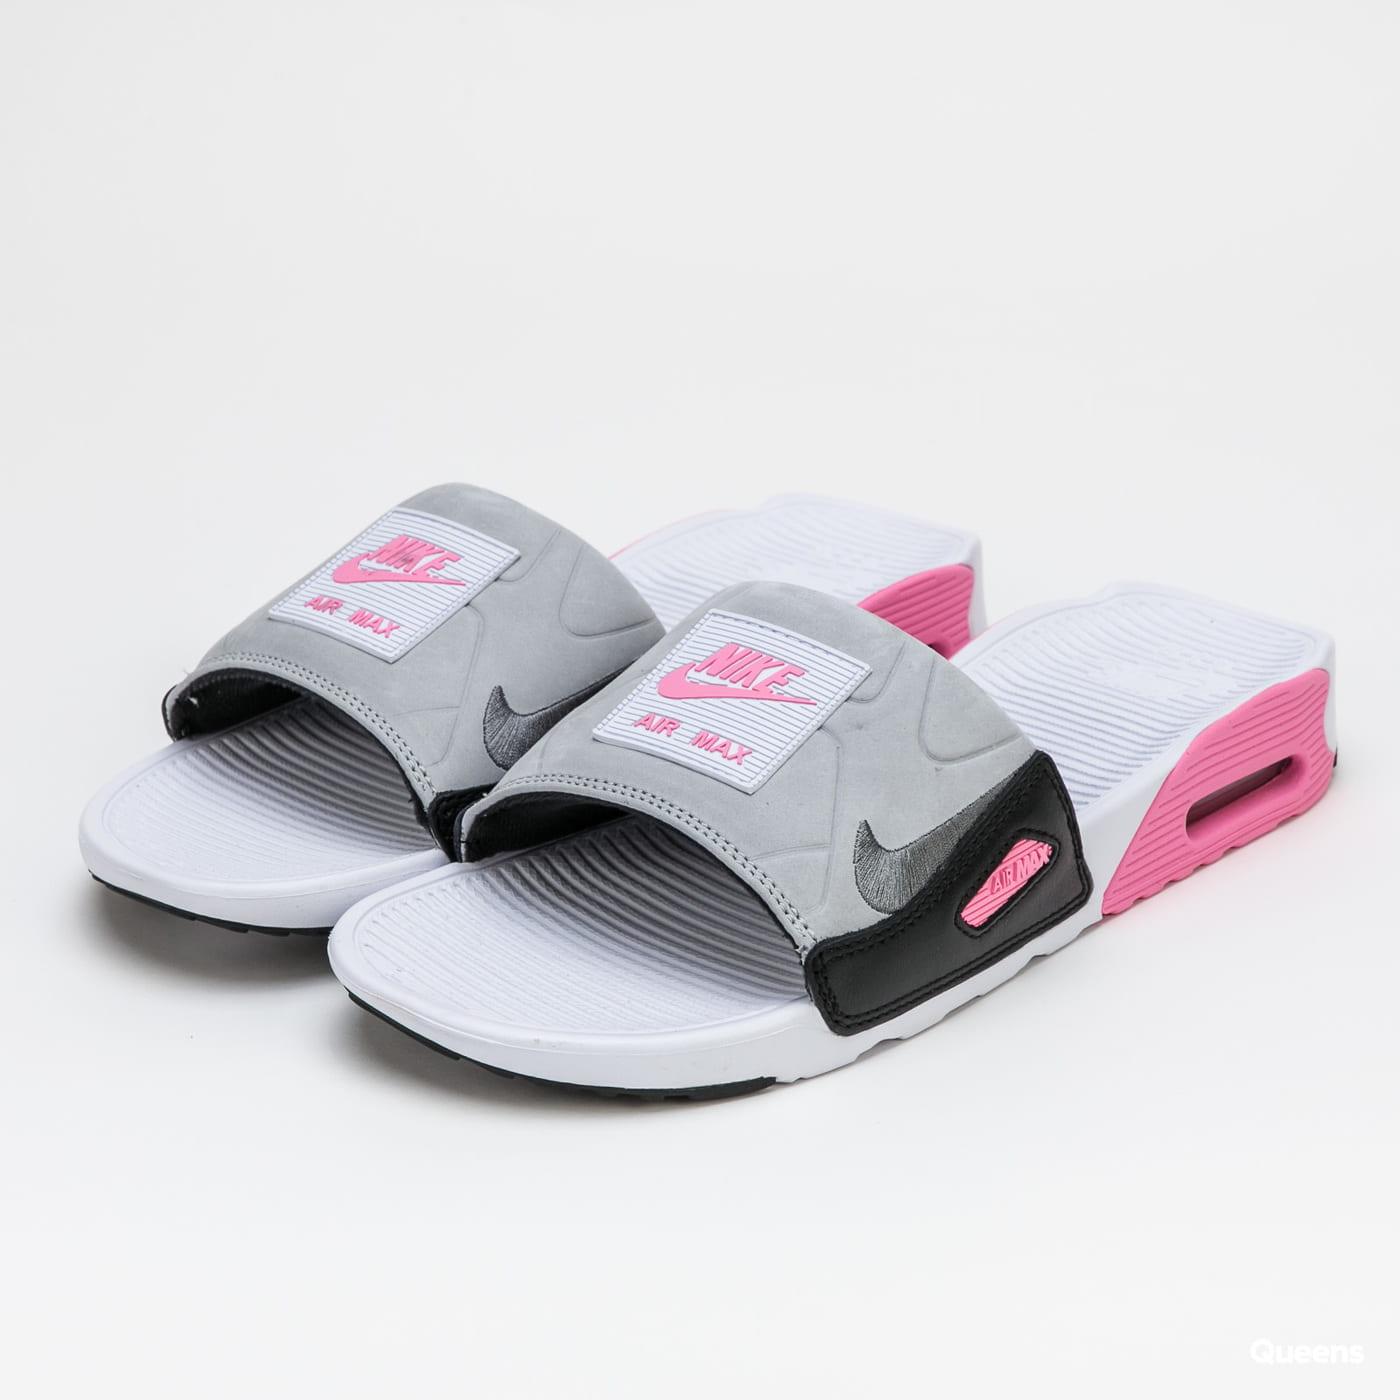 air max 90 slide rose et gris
-=-=-=-=-
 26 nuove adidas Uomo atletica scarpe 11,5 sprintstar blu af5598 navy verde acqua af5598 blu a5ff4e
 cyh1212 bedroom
-=-=-=-=-
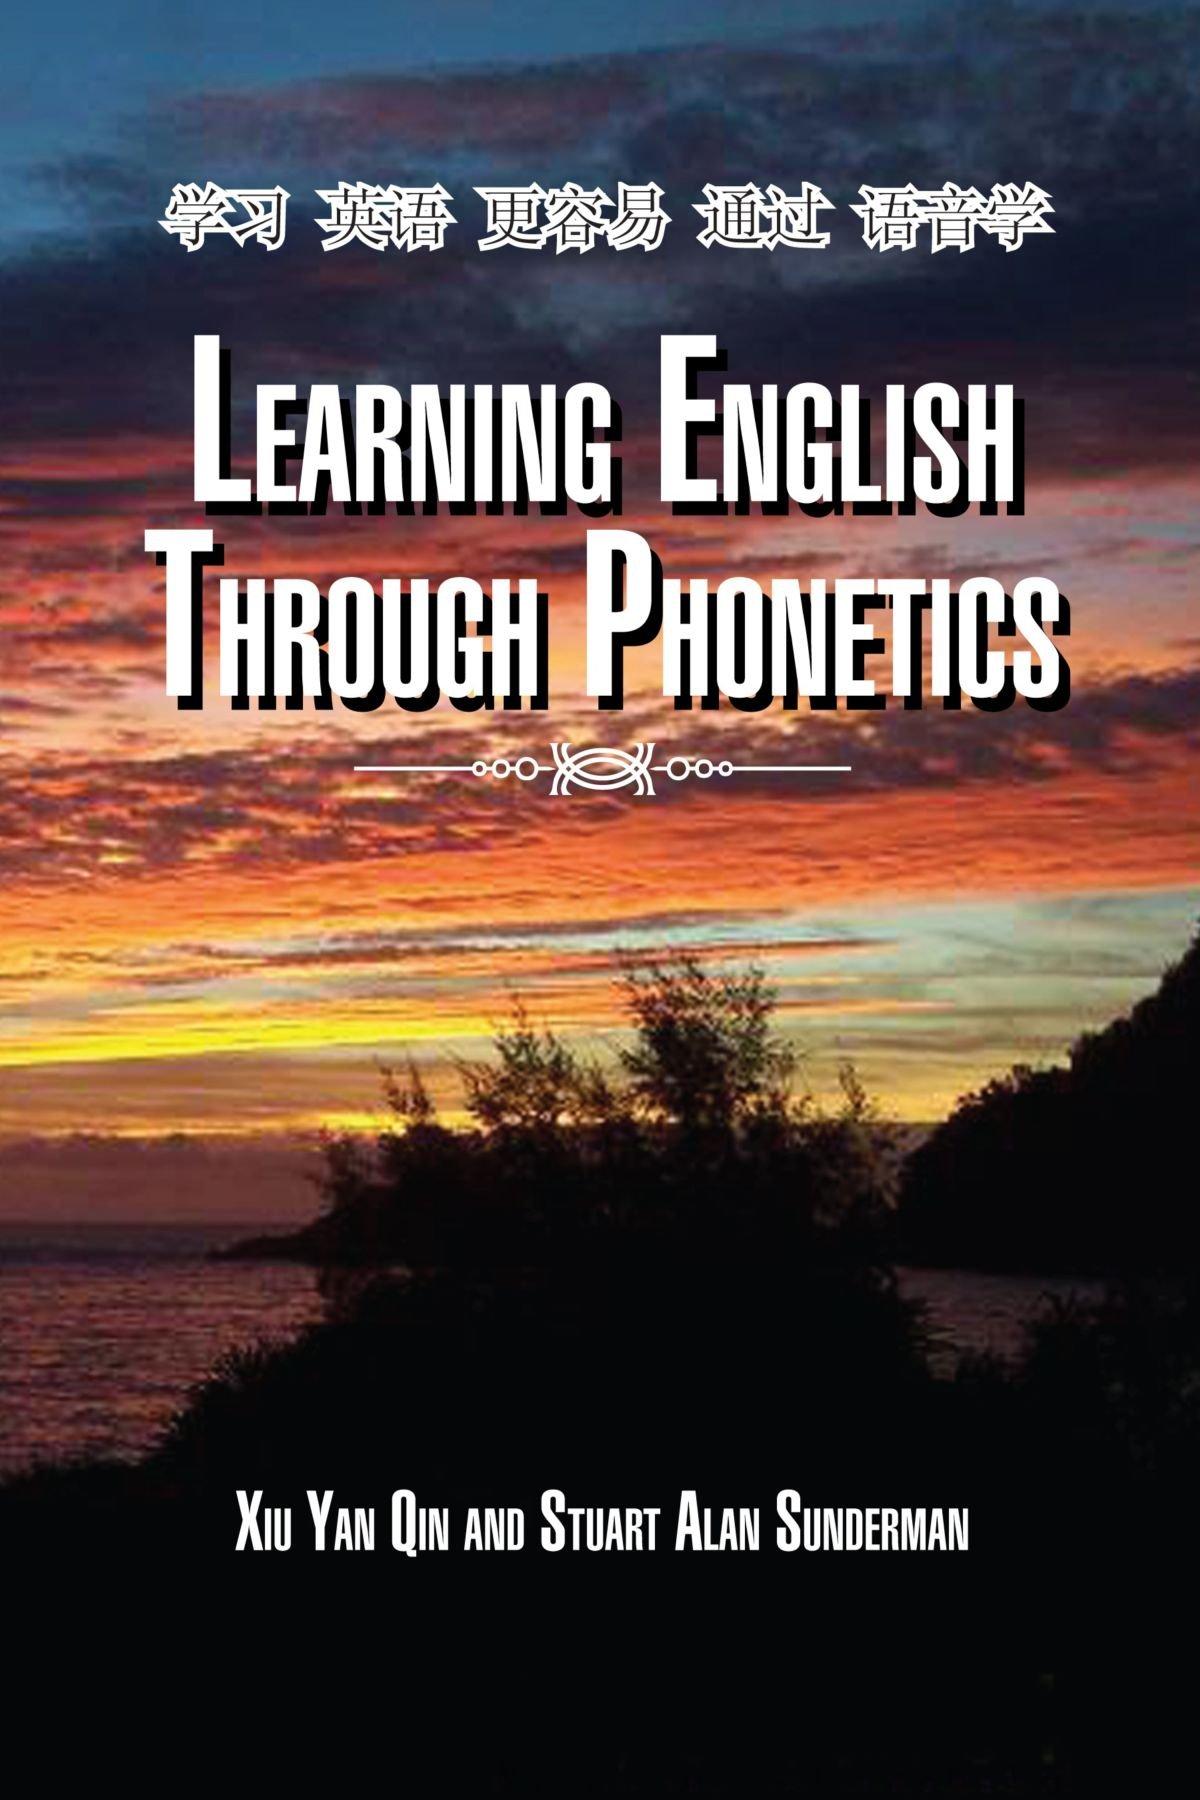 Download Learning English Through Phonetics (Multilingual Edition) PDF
-=-=-=-=-
> [EXERCISE GOAL] Copy out precisely the lines from the line with "26 nuove adidas" to the line with "cyh1212 bedroom" in the material above, including those two lines and omitting all the rest.

> [RESULT]
 26 nuove adidas Uomo atletica scarpe 11,5 sprintstar blu af5598 navy verde acqua af5598 blu a5ff4e
 cyh1212 bedroom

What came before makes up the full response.